Noah Dawkins (born August 13, 1997) is an American football linebacker for the Michigan Panthers of the United States Football League (USFL). He played college football for The Citadel.

High school/college career
A native of Spartanburg, South Carolina he was a 2 year letterman at James F. Byrnes High School; as a senior he set a school record with 23 sacks; he was named the ESPN Upstate Player of the Year and the Spartanburg Herald Journal Defensive Player of the Year.

Dawkins was a member of The Citadel Bulldogs for four seasons. As a senior, Dawkins finished second on the team with  66 tackles and 13.5 tackles for loss and led the Bulldogs with 5.5 sacks and was named first-team All-Southern Conference. He finished his collegiate career with 166 tackles, 31.5 tackles-for-loss, 14.0 sacks, two forced fumbles and two interceptions.

Professional career

Cincinnati Bengals
After an impressive Pro Day in the spring of his senior year at The Citadel Dawkins was named to Mel Kipers "Big Board" list of 300 top draft picks but was not selected, he was signed by the Cincinnati Bengals as a free agent on May 11, 2019. He was waived by the Bengals at the end of training camp, but was re-signed to the team's practice squad.

Tampa Bay Buccaneers
Dawkins was signed off the Bengals' practice squad by the Tampa Bay Buccaneers. Dawkins made his NFL debut on October 27, 2019 against the Tennessee Titans.
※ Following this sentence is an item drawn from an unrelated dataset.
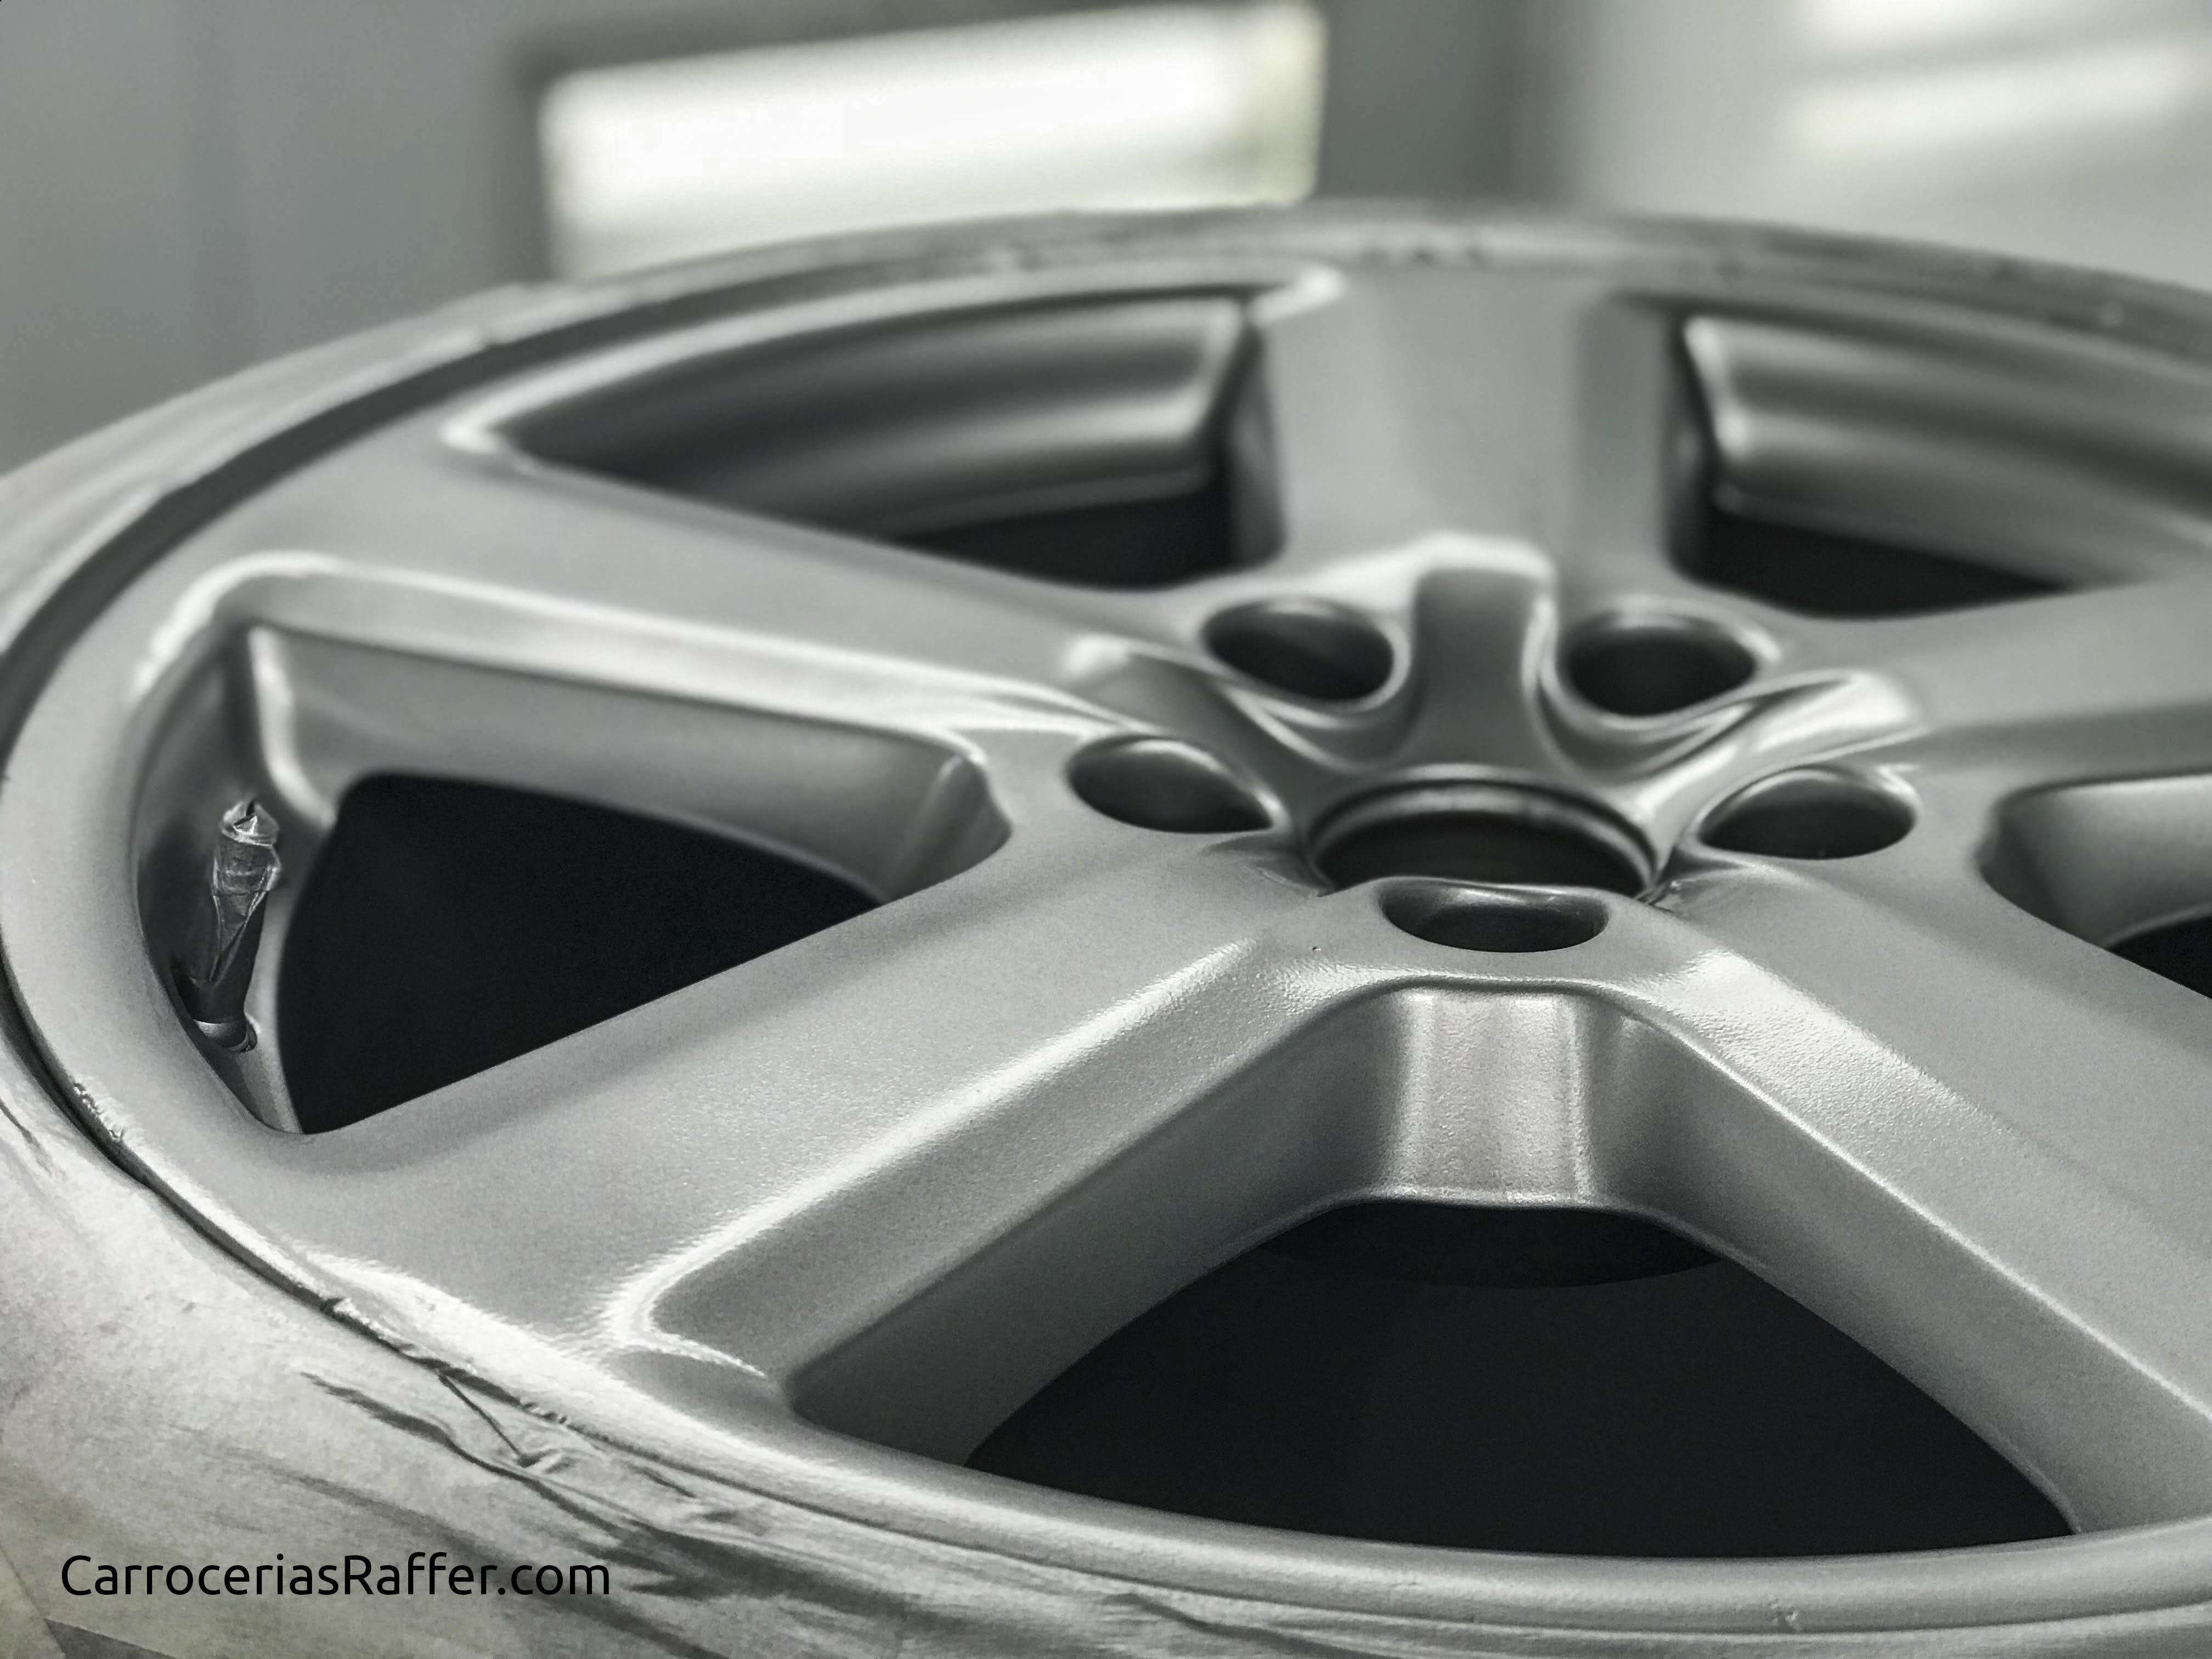 3 pintar ruedas carrocerias raffer hernani gipuzkoa

On September 5, 2020, Dawkins was waived by the Buccaneers.

New York Jets
On September 22, 2020, the New York Jets signed Dawkins to their practice squad. He was elevated to the active roster on December 5, December 12, December 19, December 26, and January 2, 2021, for the team's weeks 13, 14, 15, 16, and 17 games against the Las Vegas Raiders, Seattle Seahawks, Los Angeles Rams, Cleveland Browns, and New England Patriots, and reverted to the practice squad after each game. He signed a reserve/future contract with the Jets on January 4, 2021.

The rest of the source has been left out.